Our discussion with Bob Faust and Nick Cave taught us that art can offer new ways into the conversation around equity and inclusion. It can also offer a way for a community to process difficult experiences and heal. In their AMENDS project, Bob and Nick used their creativity and art to co-create a community conversation with one thousand of their neighbors in response to the murder of George Floyd. That was community conversation at scale.

Through this project, the artists gave their community a collective way to process the emotions of that horrific time, a way into that conversation. Phase I was about hope, writing letters toward the eradication of racism. In Dirty Laundry, it was about reflection and about honesty. It was about what The Practice of Adaptive Leadership calls “owning our part of the mess.” Finally, it was about a shared call to action. Through this project, Nick and Bob reminded us that art can have even more impact on the street than in a studio or gallery.

-Art as an Act of Co-Creation

Nick and Bob didn’t create AMENDS alone. It was a co-creation between the artist and community members. In talking with Nick and Bob, they talked about this notion of co-creation. Bob shared that:

“We talk about collaboration all the time, and I think that definition is really, really broad. Sometimes it seems like collaboration is just contributing to something that gets used in something bigger. But our collaboration is really when somebody brings something to the table that changes the way that the initial idea is to be delivered. It's when two or more ideas get mixed together and make something new, not one that sits adjacent to but augments. So, co-creation takes a lot of guts, and a lot of trust, to move through some worry and some fear about what it's going to be and know that by choosing to go through that path, it will be stronger because so many more energies have been mixed into the pot.”

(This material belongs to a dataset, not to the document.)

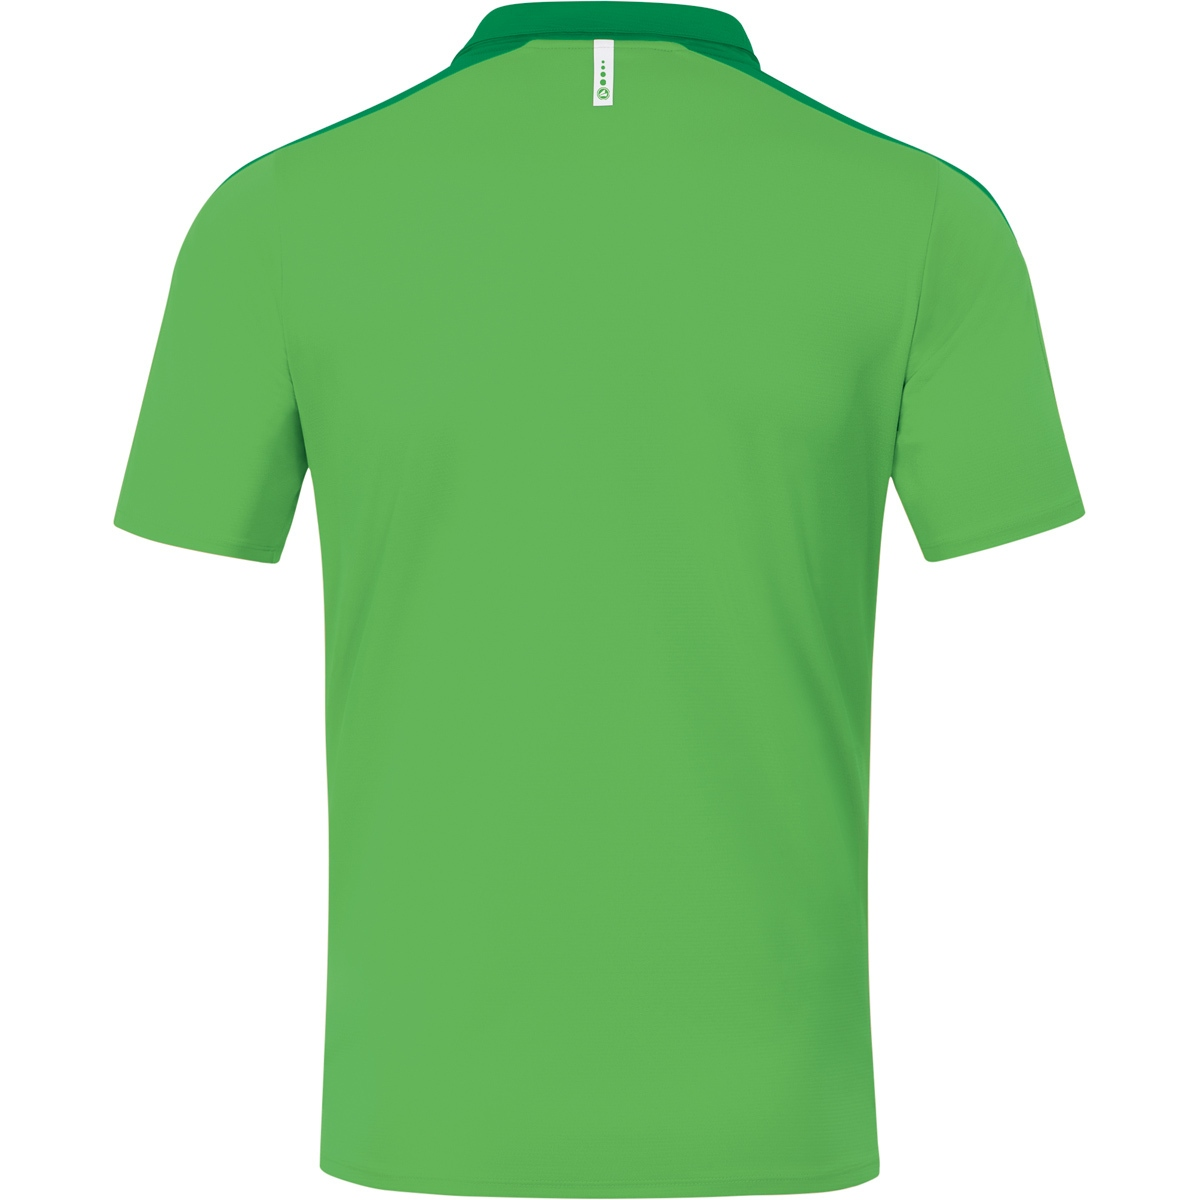 42, JAKO Champ Damen, green/sportgrün, soft 6320 Polo Gr. 2.0

-Using Art to Meet People Where They Are

I also discussed art with Monique Davis from the Mississippi Museum of Art and their Center for Art and Public Exchange, or CAPE. CAPE’s methodology “centers around the power of art to change lives, coupled with the viewer’s agency to make meaning in dialogue with art.” Isn’t that a wonderful ambition?

Monique told us of one initiative where CAPE sponsored grants to artists and local communities to co-create artwork in smaller towns where they did not have physical access to the museum’s collections. She also reminded us that with any piece of art, we can experience it at a surface level. Still, with guidance, patience, and time we may also go much deeper into the metaphor or experience that the art offers.

Monique offered some words of wisdom that I find particularly helpful.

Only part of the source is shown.